Challenge 2: difficult coronary sinus access

Multiple approaches to CS cannulation are used and are operator-dependent. Techniques employing an electrophysiology catheter, soft-tipped guidewires, or soft-tip sheaths with contrast injection during CS cannulation have been well-described.¹¹ Challenges to cannulating the CS include a dilated right atrial cavity, prominent Thebesian valve, narrow CS body, and areas of focal stenosis in the CS. A routine approach of entering the right ventricle and then retracting the CS sheath from the para-Hisian region with a counterclockwise torque (orienting the tip of the sheath in a septal and inferior direction) generally helps to cannulate the CS ostium and prevent the sheath getting caught in a Thebesian valve. Occasionally, one encounters a CS ostium that is difficult to locate using this approach. Considering the lucency of the fat pad, a right anterior oblique projection can help to identify the general fluoroscopic location of the CS ostium. In rare cases, a venous-phase coronary angiogram can delineate the venous anatomy of the left ventricle and act as a fluoroscopic guide to CS cannulation. This can also help identify unusual cases of CS ostial atresia.¹²

Once the CS ostium is cannulated, further challenges with advancing the sheath into the CS body can present. This may be secondary to tortuosity or stenosis of the CS body and can be circumvented using tools that provide additional rail support such as inner sheaths or using an anchor balloon technique. One maneuver is to advance a vein selector over an angled 0.035-in (0.09-cm) Glidewire^® (Terumo, Tokyo, Japan) deep into the CS. Keeping the vein selector deep in the CS, the Glidewire^® (Terumo, Tokyo, Japan) is replaced with a 0.035-in (0.09-cm)-diameter, 180-cm-long J-tip Amplatz Extra Stiff™ wire (Boston Scientific, Natick, MA, USA) that acts as a stronger rail to advance the CS sheath across areas of narrowing in the CS body. Following this, the application of telescoping sheaths to selectively cannulate smaller branches of the CS can provide additional stability to the CS outer sheath during lead positioning and has been shown to reduce procedural time.¹³

A second technique available for difficult CS cannulation is the anchor balloon technique. With this approach, the ostium of the CS is engaged with a small-caliber sheath through which a 0.014-in (0.04-cm) angioplasty wire is advanced into the CS body. Then, a 3-mm compliant coronary balloon is advanced over the angioplasty wire deep into the CS and preferably into one of the tributaries of the CS, such as the anterior interventricular vein. The balloon is then inflated to create an anchor.¹⁴ With gentle traction on the balloon, the CS sheath is then advanced into the body of the CS and the angioplasty wire is exchanged to a 0.035-in (0.09-cm) Amplatz Extra Stiff™ wire (Boston Scientific, Natick, MA, USA) for additional rail support. With these techniques, most commercially available CS outer sheaths can be successfully advanced into the mid-CS to distal CS, enabling LV lead advancement.

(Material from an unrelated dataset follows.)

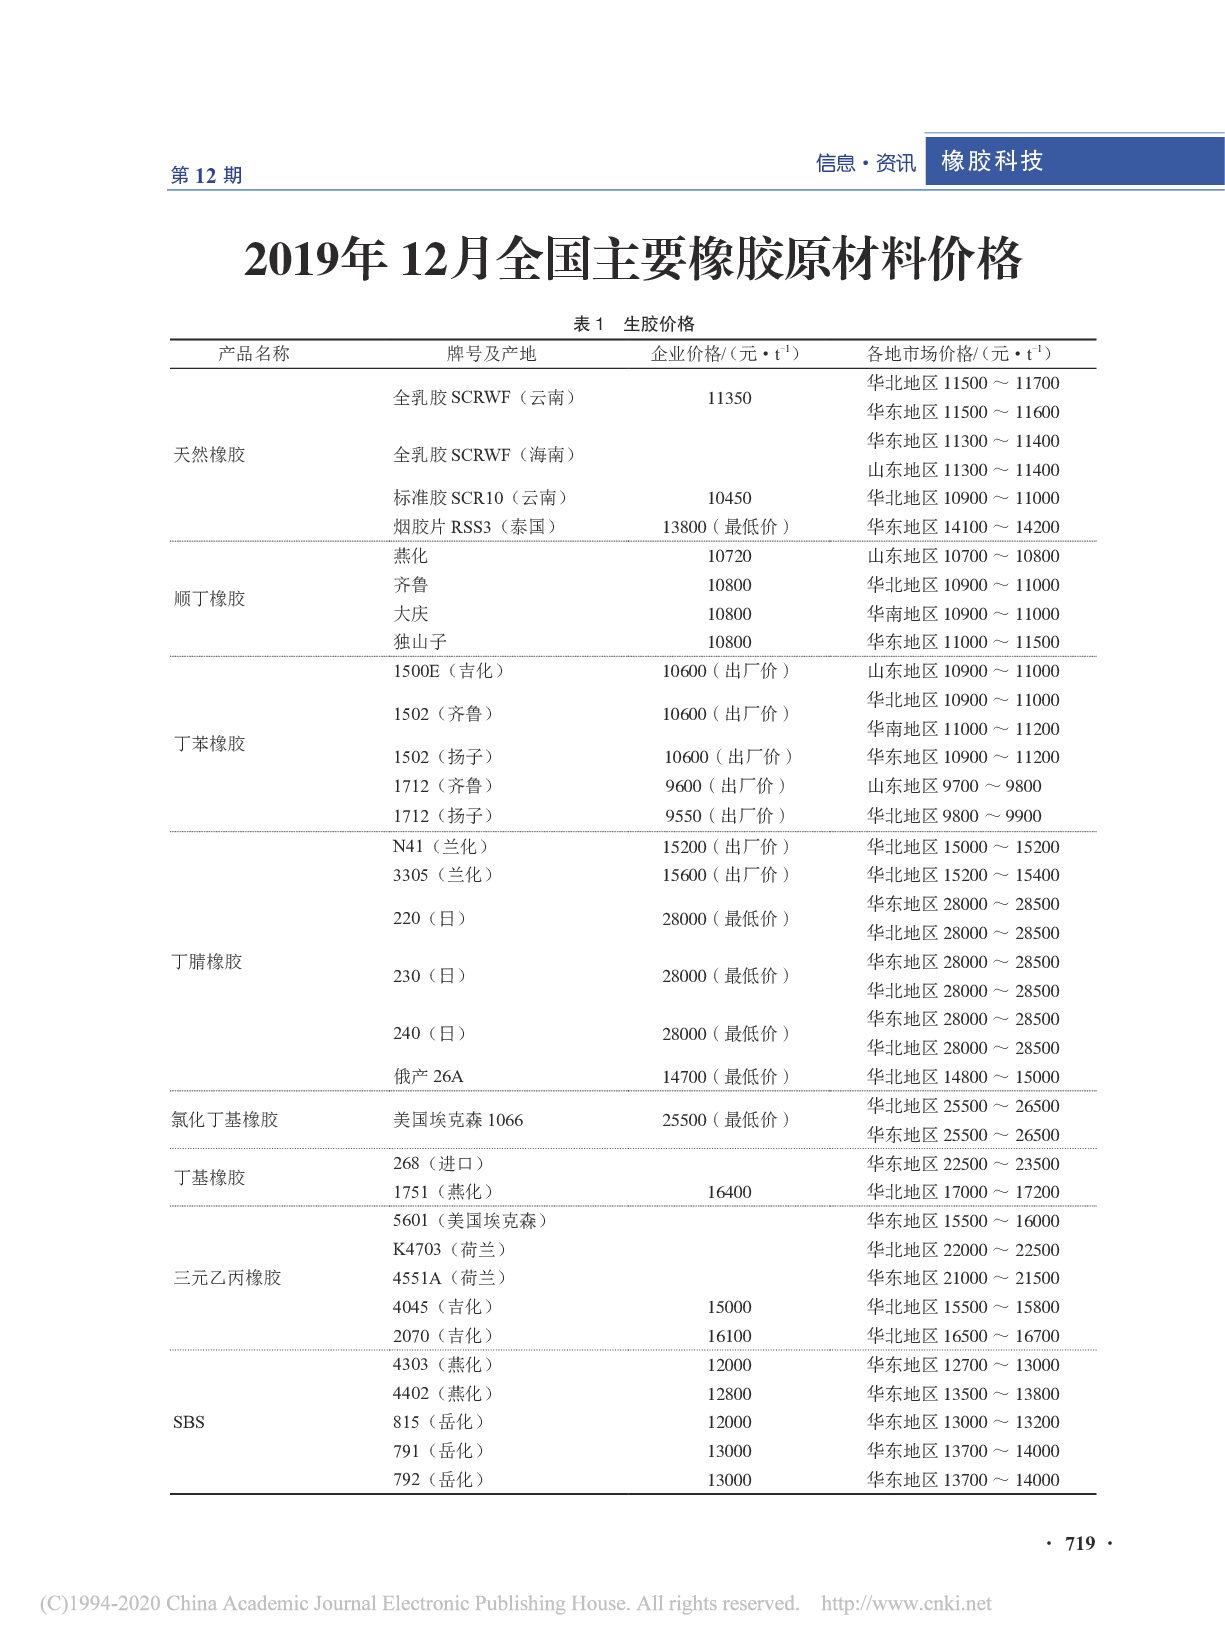 2019年12月全国主要橡胶原材料价格
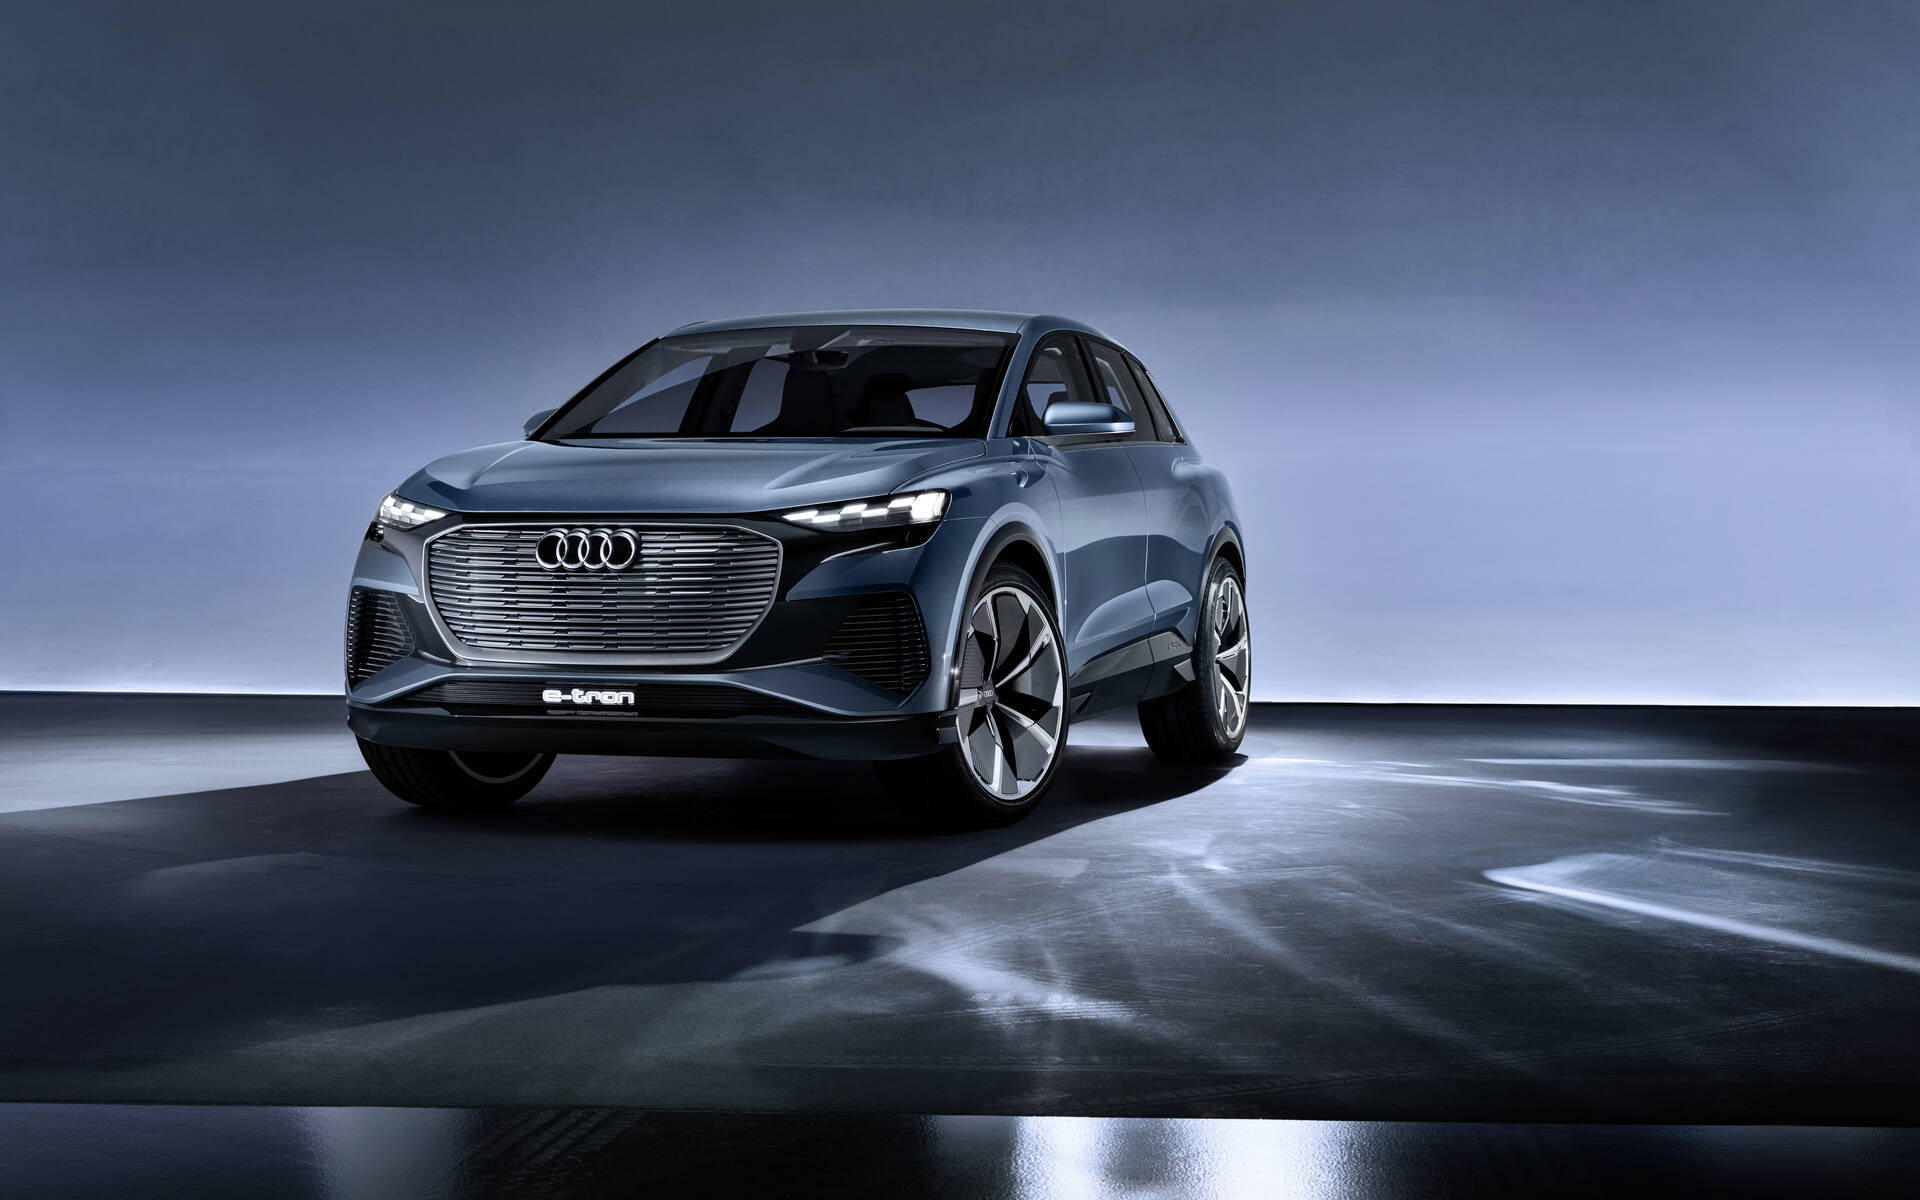 2022 Audi Q4 e-tron: Sneak Peek Inside Audi's Next EV - The Car Guide

Challenge 3: tortuous and stenotic venous branches

Once the CS sheaths are in place, a good-quality occlusive venogram helps the operator to identify venous branches of interest for the placement of LV pacing leads. A typical LV lead implant involves a technique of advancing the pacing lead over an angioplasty wire that is parked distally in a target branch. However, a frequent challenge encountered is small-caliber veins that do not accommodate the LV lead or tortuosity of the branches with acute angulations that impede lead advancement. This is a common cause for choosing a less tortuous, albeit suboptimal branch for LV lead placement, which significantly impacts the clinical benefit of biventricular pacing. Negating venous tortuosity by using telescoping sheaths to selectively cannulate venous branches can help straighten the path to LV lead advancement (Figures 2 and 3). Geometrically, the more acute the angle of take-off of a branch, the higher the chances of the forward force being transmitted back and causing dislodgement of the CS apparatus. Double-wiring the branch (Figure 4) or using additional support with stiffer guidewires can assist with selective cannulation of the venous branches with an inner sheath or vein selectors.¹⁵ Figure 5 illustrates common tools that are useful in cannulating tortuous branches and stepping up sheath support. A less commonly used technique in patients with stenosis of the venous branches in coronary venoplasty involves using a 3-mm angioplasty balloon.¹⁶ This has been reported to have a low incidence of adverse events and can help facilitate lead advancement in patients with very focal stenosis of the target vein (Figure 6).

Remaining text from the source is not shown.